Rapanos Guidance Fails to End Wetlands Permit Confusion
A year and a half after the U.S. Supreme Court issued a split decision on wetlands development and federal jurisdiction under the Clean Water Act, builders, developers and regulators continue to be mired in confusing rules, delays and uncertainty.
NAHB recently provided comments on the so-called Rapanos Guidance from the U.S. Army Corps of Engineers and the U.S. Environmental Protection Agency, urging the regulators to issue a formal rulemaking.
A number of state and local home builders associations as well as individual builders also submitted comments. The deadline for submission was Jan. 21.
Intended as clarification for both builders and regulators, the guidance was supposed to specify who has authority to regulate various land development activities pertaining to “navigable waters of the United States,” where the Clean Water Act applies.

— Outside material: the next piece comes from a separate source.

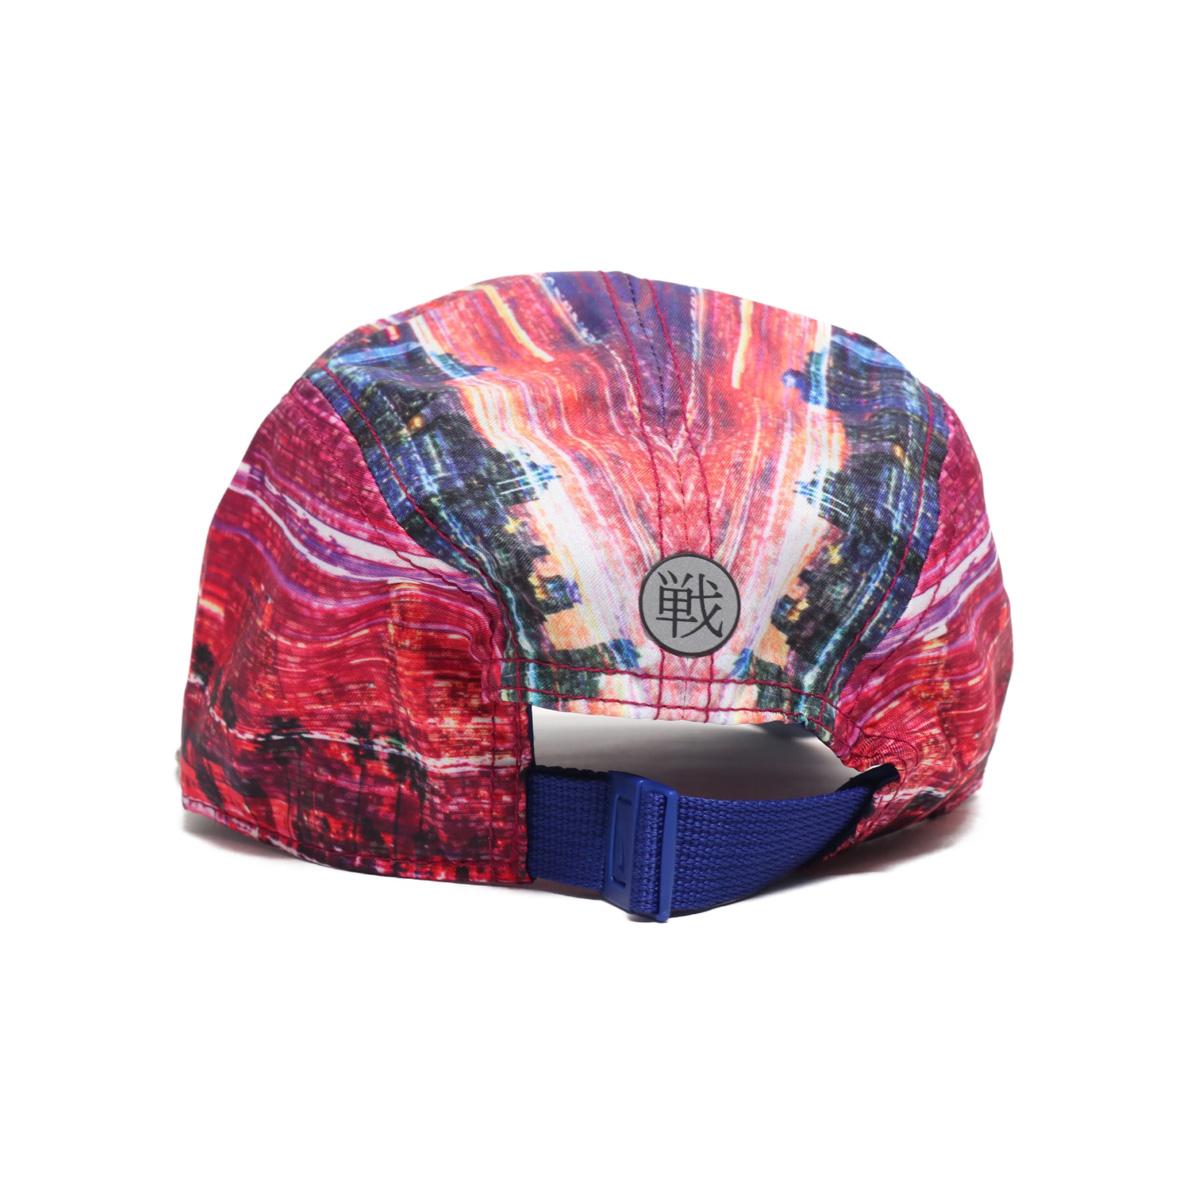 203df2f4768 NIKE U NRG AW84 CAP ZM SPECTRUM QS (DEEP ROYAL BLUE) (Nike LAB AW84 ZM  spectrum cap)
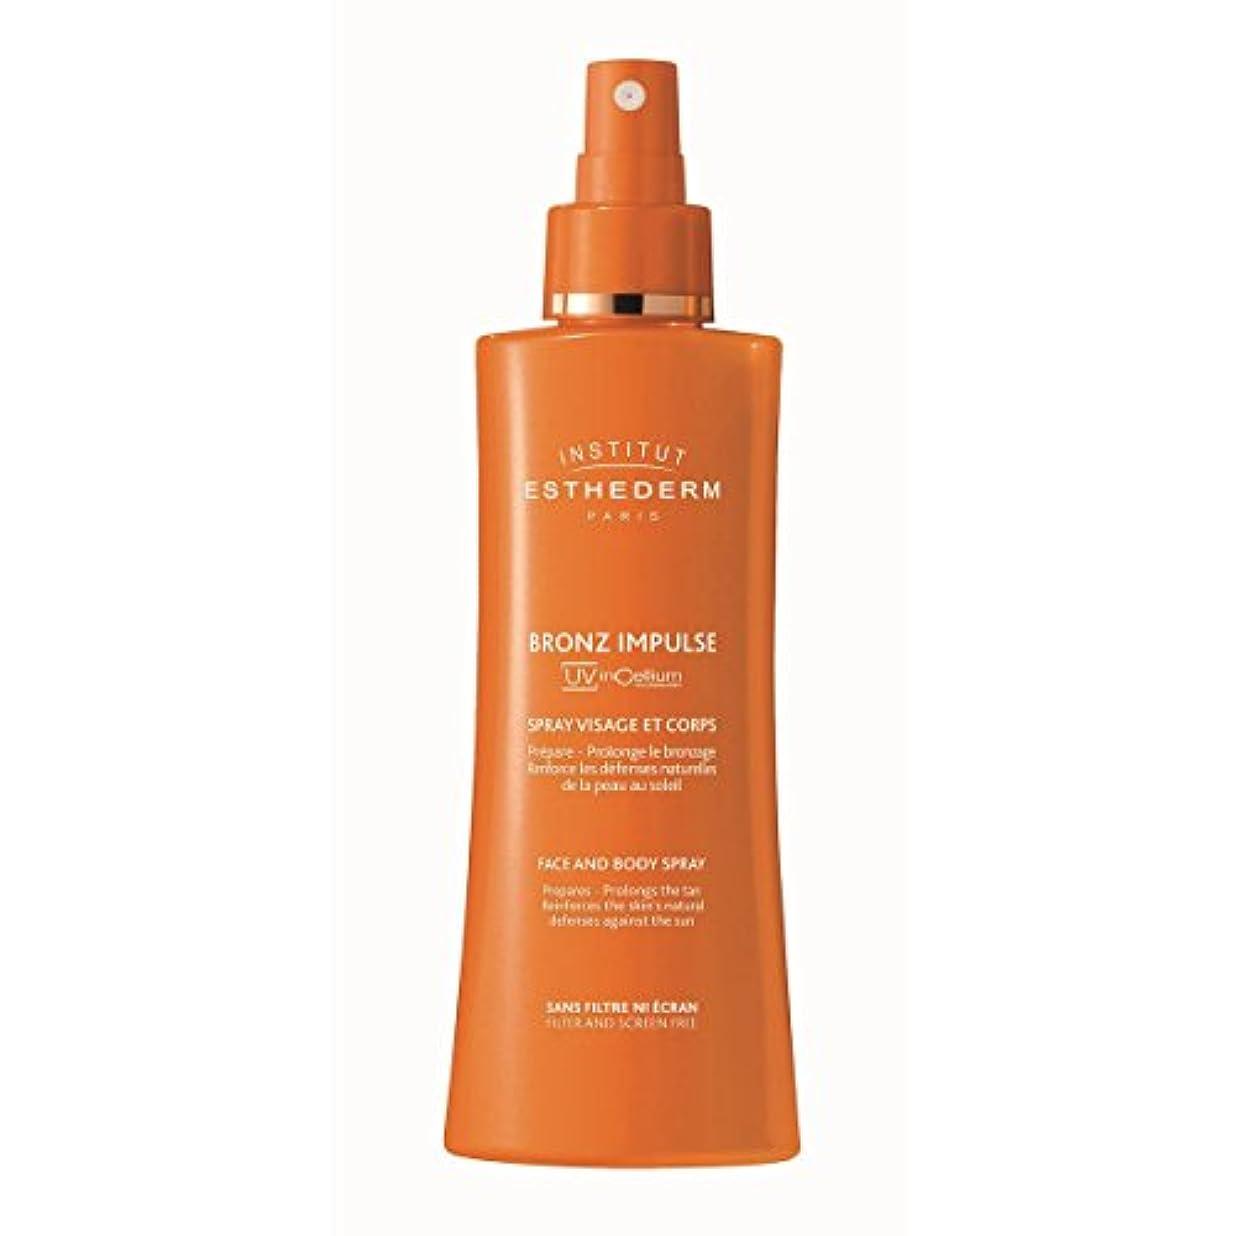 Institut Esthederm Bronz Impulse Face And Body Spray 150ml [並行輸入品]

But the guidance, issued last June — a full year after the court decision — has not helped much, resulting in an ever-growing, time- and money-consuming backlog of permitting decisions in Corps offices that NAHB says poses a growing threat to housing affordability.
It also remains unclear what test or proof should be used to demonstrate that properties subject to permitting contain the “significant nexus” to wetlands and navigable waters that make them subject to federal jurisdiction in the first place.
“Longer delays and the uncertainty associated with delays increase the costs related to construction, increase the interest that must be paid on loans related to the construction, make scheduling and planning extremely difficult and postpone the date that the home can be sold to realize a return on our investment,” the NAHB comments said.
For example, Corps’ records show that in 2003 it took an average of 180 days to get a permit under Section 404 of the Clean Water Act, which governs development on wetlands where the federal government has jurisdiction. Today, some Corps district offices are reporting that it can take as long as 12 months for a response to a permit application.
The applications themselves are also confusing, with sections that need to be completed even if they are not applicable to the site, undefined terms and vague data requests.
Particularly vague is the test for a significant nexus, and in its comments NAHB suggested how to fix the problem.
The federal agencies should “focus not only on the frequency, volume and duration of water flow, but also on evidence of downstream effects as the primary factor in determining significant nexus.
“Consideration of drainage area, base flow index and minimum annual flow could also help to direct decision-making, but these factors must be quantified so that the end result is an objective score, not a subjective opinion,” the comments said.
NAHB submitted the following recommendations:
- The agencies must complete a rulemaking that clearly delineates the limits of federal jurisdiction under the Clean Water Act’s Section 404 permitting program, as articulated by the U.S. Supreme Court.
- The agencies must limit jurisdiction to those areas that meet the “traditionally interstate navigable waters,” “relatively permanent water,” “continuous surface connection” or significant nexus tests.
- The agencies must revise and reissue the Rapanos guidance, incorporating all reasonable suggestions made during the comment period that simplify the jurisdictional determination forms; streamline the process; help document permitting decisions; and make the process more consistent, transparent and less burdensome.
- The agencies must at the same time make the “significant nexus” determination easier to implement, quantifiable, based on science, transparent and consistent across the nation.
- The agencies must provide a mechanism by which applicants may voluntarily allow jurisdiction in lieu of completing the jurisdictional determination form.
- The agencies must also clarify the definition of “traditional navigable waters,” according to the Supreme Court’s view that they are either actually navigable or that they are “a continued highway over which commerce is or may be carried on with other states or foreign countries.”